殷切着看着景醒的,滞留在这里的少爷小姐加仆人们,都有百号人了,景醒身后还有他的秘书保镖们,景深本来也就和他简单说过这些人,他沉吟片刻便开始问和安排。

至于上楼睡觉的景深?他根本就不是去睡觉的,而是在验证自己上辈子的异能是否出现,他的指尖流出水流,他对着沉默的陆如玉,“张嘴。”

陆如玉顺从地张嘴,水流一滴不剩地被他的舌头接住。

他的眼睛却不甚乖巧地看着景深的嘴,想要亲,想要将刚才那截红艳艳的舌头亲肿。

景深没有关注他在想什么,只是收住了手,转念想着上辈子没有完成的事情了。

恰此刻,景醒上来了,他已经安排好了事情,“深深,你还好吗?”他问景深。

“我很好,父亲。”他脸上绽放出甜蜜的微笑。

陆如玉没有眼色地还站在角落,景醒只是握了握景深的手,和他十指交缠,妒夫就火冒三丈,像朵沉默潮湿的毒蘑菇,景深对此只是笑得更甜了,还当着他的面钻进景深宽阔的怀抱里,任由气息将自己侵染。

他早就应该知道,他道德败坏,乱伦亲爹,水性杨花,口蜜腹剑了。

可他还是喜欢他呀,真可怜。

偏偏要喜欢自己。

而景深只想要利用他而已,只有一点点可怜他啦。

他几乎是下意识地看了一眼过去,男人就垂下了冒着怒火的眼。

乖狗,他的舌头念着这两个字,笑得愈发甜蜜。

“父亲呀,深深要出门了哦。”他捧着男人的脸,吻了吻他的下巴,带出濡湿的痕迹。

“你不怕危险吗?”他根本不在意另一个男人的眼神,捧起景深小巧的唇,轻轻吻了一下。

“有陆如玉嘛,他会好好保护我的啦。”他娇娇地笑着,张扬肆意,犹如开在白骨上的恶之花,每句话都带着淬了砒霜的蜜糖,令男人们无法抗拒沉沦。
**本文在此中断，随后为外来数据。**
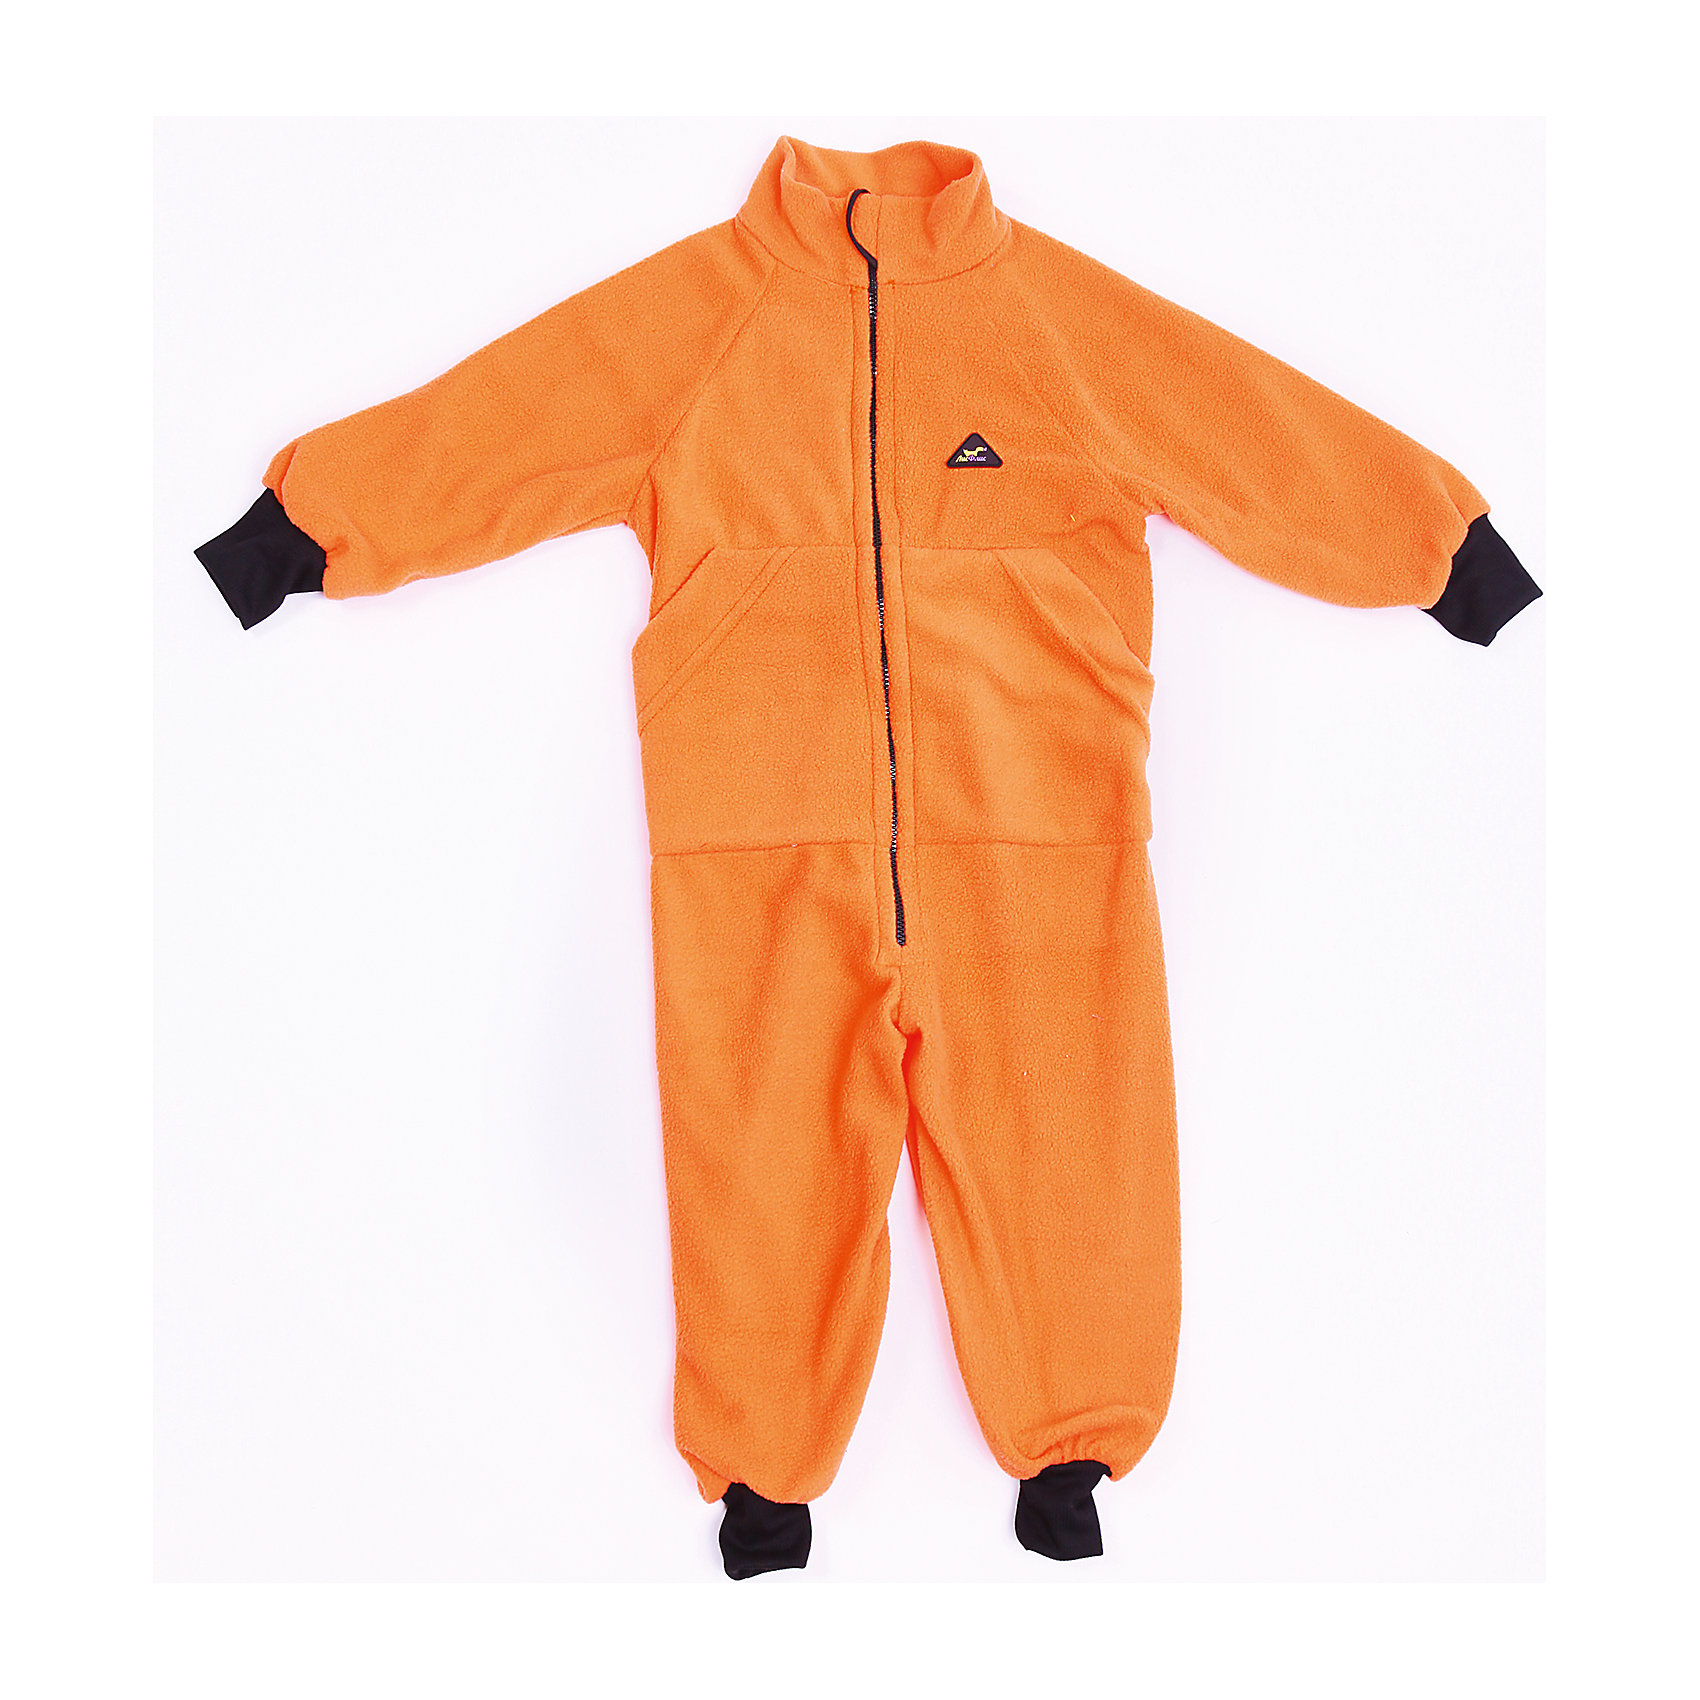 Комбинезон Настроение ЛисФлисХарактеристики комбинезона:<br><br>- пол: для девочек, для мальчиков<br>- комплект: комбинезон<br>- длина рукава: длинные<br>- цвет: оранжевый<br>- вид застежки: молния<br>- материал: флис<br>- уход: предварительная стирка<br>- рисунок: без рисунка<br>- утеплитель: без утепления<br>- назначение: повседневная<br>- сезон: круглогодичный<br>- страна бренда: Россия<br>- страна производитель: Россия<br><br>Комбинезон Настроение торговой марки ЛисФлис- это весело и практично. Это одежда, которая изготовлена с любовью для Вашего ребенка. В комбинезоне торговой марки ЛисФлис Ваш ребенок будет чувствовать себя комфортно в любую погоду и при любых обстоятельствах. Комбинезон выполнен из плотного флиса (280 г.) с манжетами на рукавах со специальной защитой стоппером от молнии и резинкой на спине для лучшей посадки изделия.<br><br>Комбинезон Настроение торговой марки ЛисФлис можно купить в нашем интернет-магазине.<br><br>Ширина мм: 215<br>Глубина мм: 88<br>Высота мм: 191<br>Вес г: 336<br>Цвет: оранжевый<br>Возраст от месяцев: 12<br>Возраст до месяцев: 18<br>Пол: Унисекс<br>Возраст: Детский<br>Размер: 86,80,92,98,104,110,116,122<br>SKU: 4939313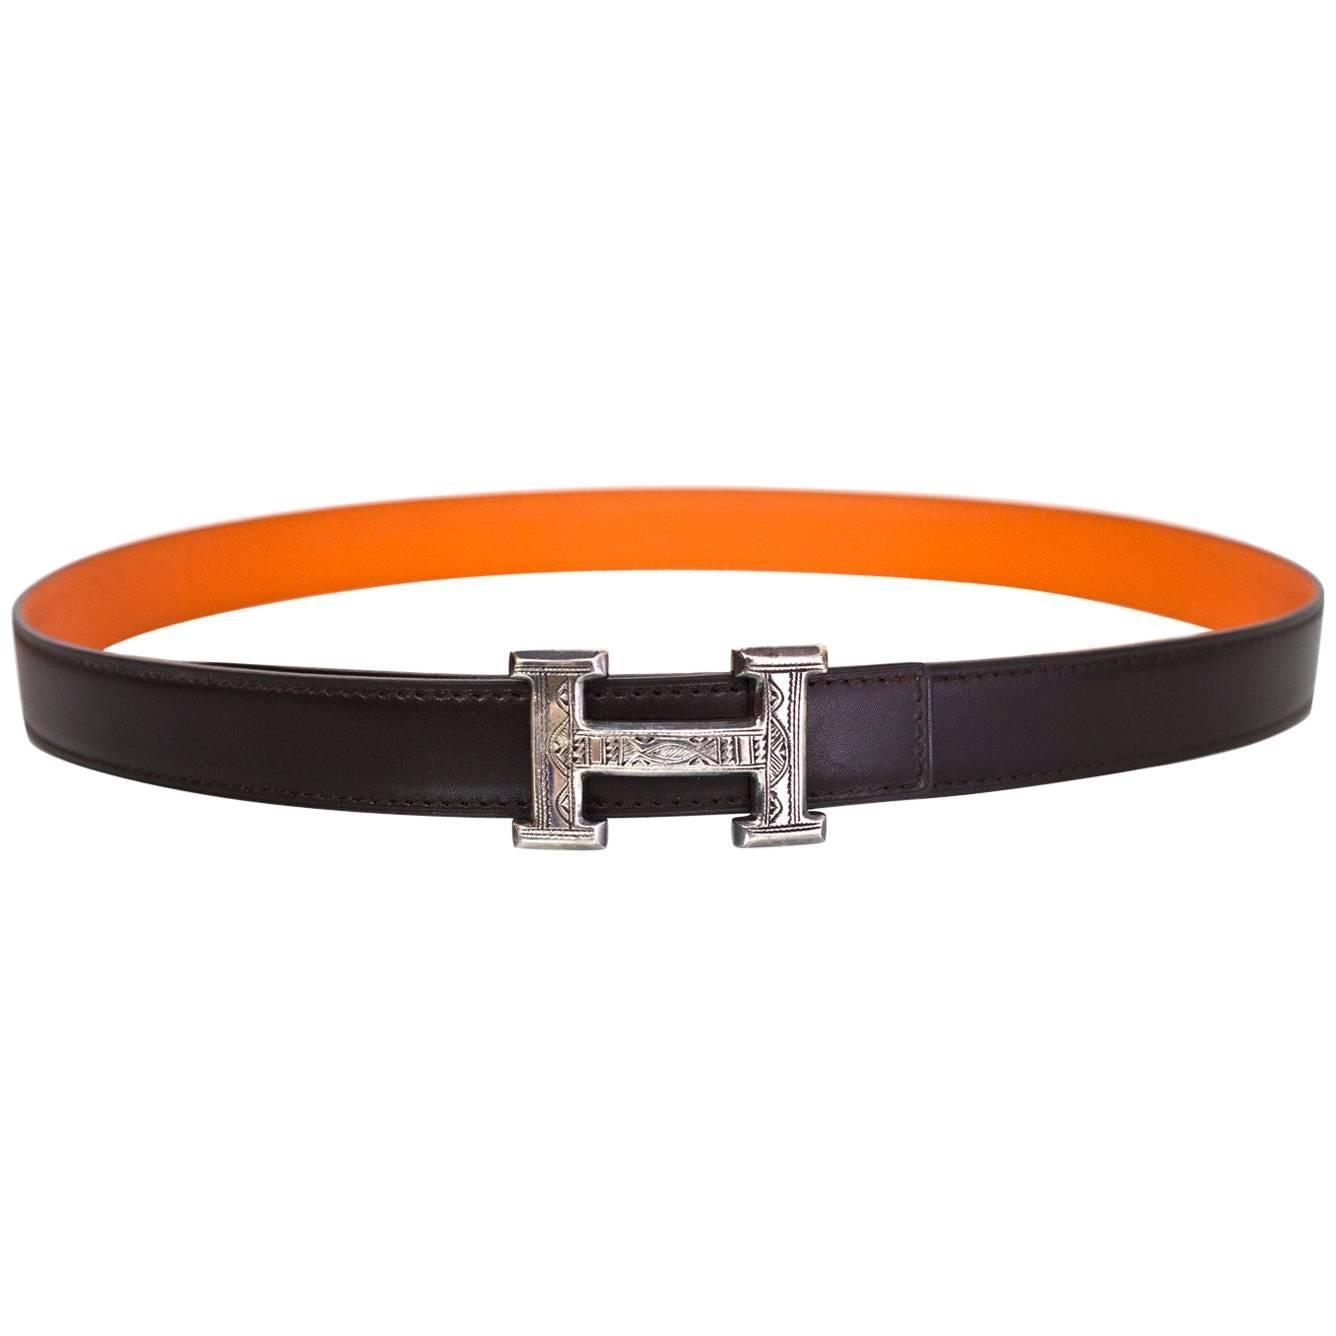 M 85 Hermes Belt

“好,宝贝,爸爸在家里等着你回来。”年长者自然看得出来自己的小宝贝在想什么坏主意,但是他又不是圣人,不然也不会纵容景深成为这副无法无天的张狂样子,“深深,你尽管去做,出了事,爸爸替你撑着。”

坏孩子有个坏家长。

还有个明知他货色仍然坚定拥护他的忠犬。

“谢谢爸爸,最喜欢爸爸了!”景深不客气地亲了他一口,然后拽着男人出门探险去了。

他的体内,流淌着不安分的冒险家血液。

“去市中心。”他要找玉鹤堂,这家伙一定还活着,哼哼,等着。

哼哼,不是说他是废物吗?那他到时候一定要问玉鹤堂,被废物救的感觉如何?爽不爽。

景深舔了舔尖锐的虎牙,兴奋到战栗,愉悦到抱住了他旁边的陆如玉,什么都不做,心满意足地蹭着靠着僵硬男人的饱满胸肌,在其他人在场的情况下毫不掩饰地吃他豆腐。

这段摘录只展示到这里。